In practice, stochastic models realise only the timesteps where there is no uncertainty (no branches). So, the first solve realises timesteps 01-03, and the second solve timesteps 04-05 (timestep 00 contains initial conditions and in the second solve so does timestep 03).

FlexTool code already contains the required dimension to represent stochastics: period (d). What's needed is 1) a branching time structure, 2) a way to enter stochastic data and 3) way to choose what parts of the model are stochastic.

Branching time structure

The set dtttdt will suffice, but the branching needs to be established. The last dt (d_previous and t_previous_within_solve) will, in a stochastic tree, point to the same timestep whenever branching happens: [d01, t04, N/A, N/A, d0, t03] and [d02, t04, N/A, N/A, d00, t03]. The set creation probably needs to be implemented in flextoolrunner.py to take into account the complexities in rolling.

Entering stochastic data

Stochastic data has an additional dimension: branch. Therefore, all time series can also be given with one more dimension. If some parameter does not contain stochastic data, but the model is stochastic - then it's assumed that the parameter is the same in all branches for a given time step. When a time series is given as stochastic, but the model (or that part of the model) is deterministic, then the deterministic time series need to be parsed from the stochastic data. We could also require the user to provide deterministic data for deterministic models - TBD (the data could be in separate alternatives).

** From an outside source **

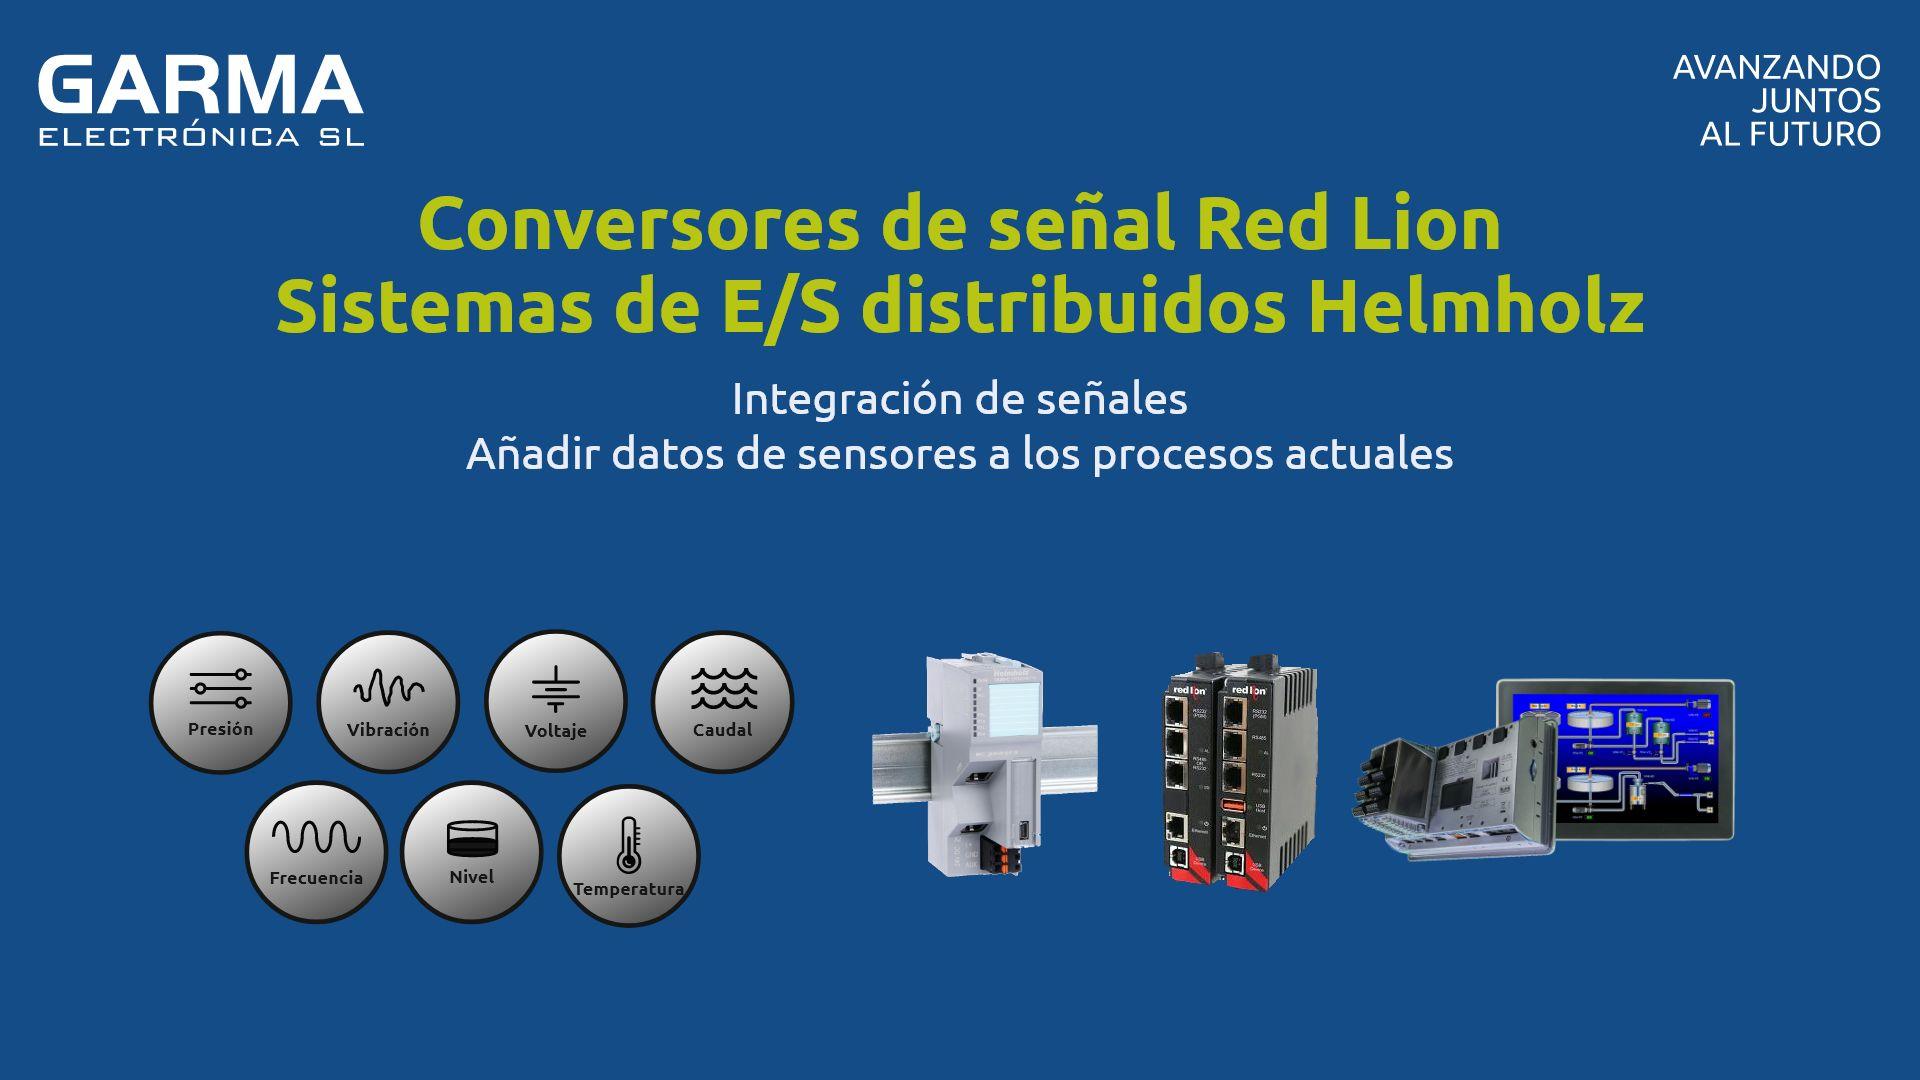 Conversores de señal Red Lion Sistemas de E/S distribuidos Helmholz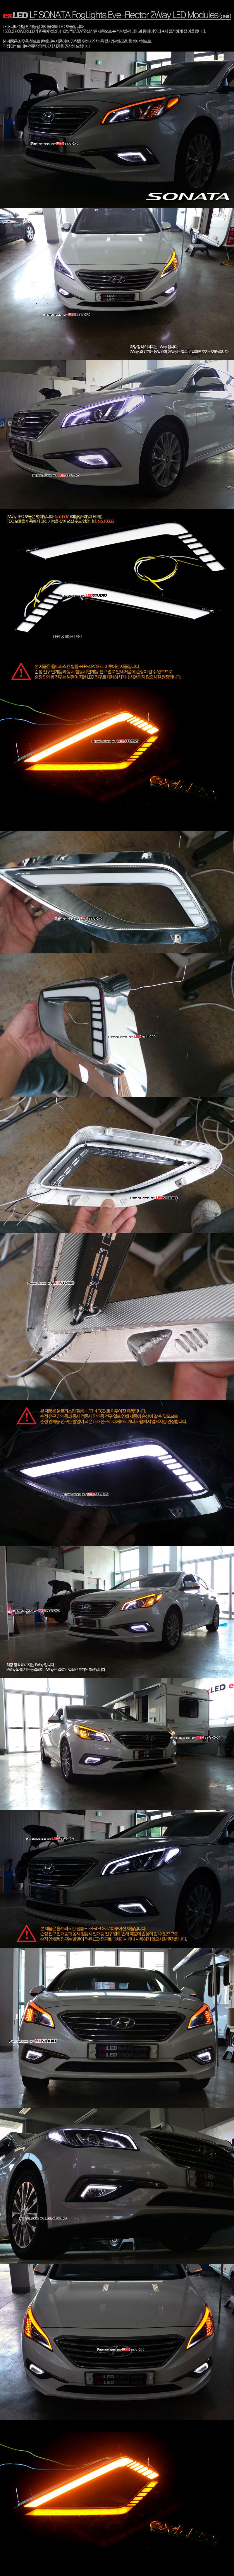 exLED LF 쏘나타用 안개등 아이플렉터 2Way LED 모듈 (안개등 면발광 아이라인) (좌우측1대분)

Choosing what parts of the model are stochastic

It's really variables that are finally either stochastic or deterministic. However, we choose the stochastic method for nodes, units and connections. If a node is stochastic, then its state (and its investments) are stochastic variables in the stochastic branches. If a connection is stochastic, then its flows (and its investments) are stochastic variables. If a unit is stochastic, then it could have stochastic flows, online status or both (plus investments). If unit has stochastic online, then also flows should be stochastic. However, it can be desirable to have deterministic online variable but stochastic flow variables. So, the method for units should have options: deterministic, flow_only, online_and_flow. If unit (or the others) have any stochastic variables, then also investments should be stochastic (and no need for separate method). Of course, in most use cases, there are no investment variables in the stochastic branches.

As it can be cumbersome to set method for every unit, node and connection separately, stochastic method is to be implemented through groups. All group members will inherit the method choice.